## Information
☆ ☆ ☆
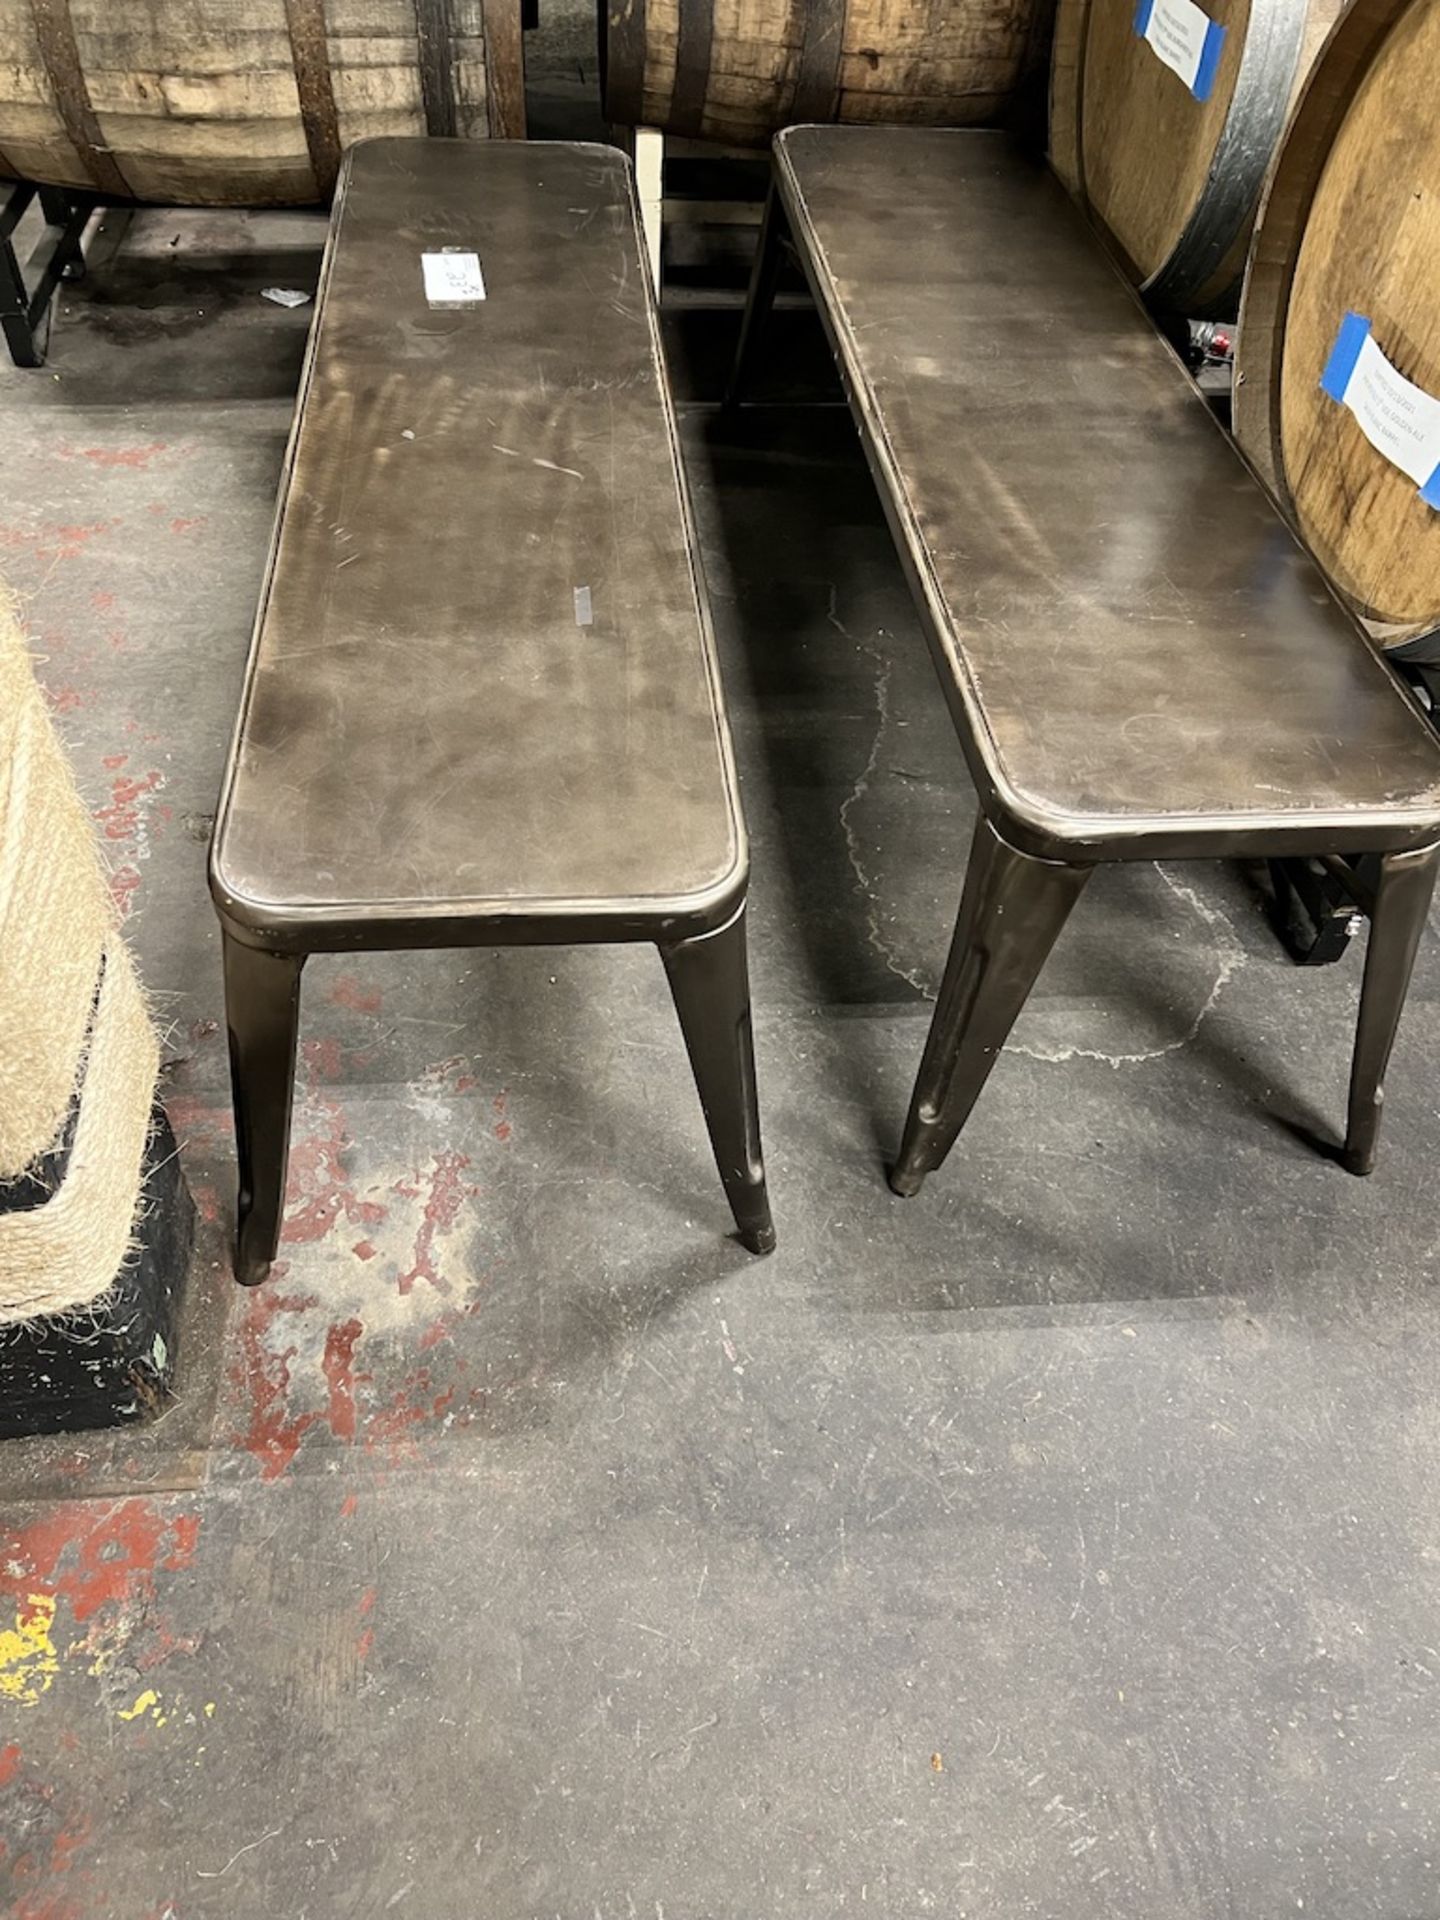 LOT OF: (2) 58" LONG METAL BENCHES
☆ ☆ ☆
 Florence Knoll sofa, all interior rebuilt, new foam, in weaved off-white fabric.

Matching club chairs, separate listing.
☆ ☆ ☆
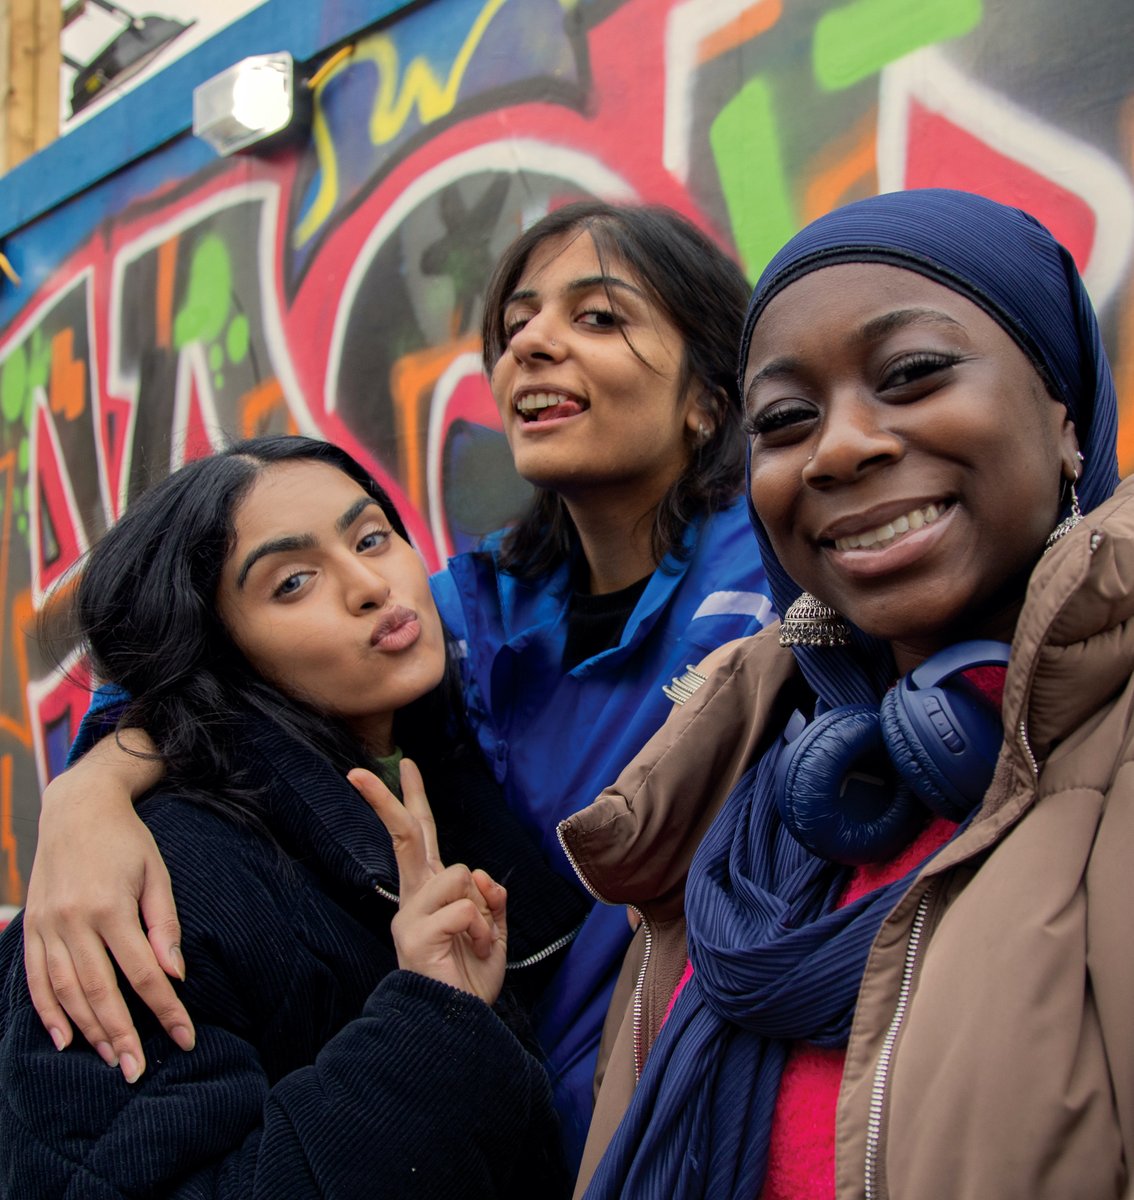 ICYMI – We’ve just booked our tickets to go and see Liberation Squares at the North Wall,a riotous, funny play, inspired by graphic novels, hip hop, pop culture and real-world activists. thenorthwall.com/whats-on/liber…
☆ ☆ ☆
## Problem to solve
Above are the entries. Copy exactly the part that opens with the line containing "Florence Knoll sofa, all" and closes with the line containing "Matching club chairs, separate listing.", and no more.

## Result of the task
 Florence Knoll sofa, all interior rebuilt, new foam, in weaved off-white fabric.

Matching club chairs, separate listing.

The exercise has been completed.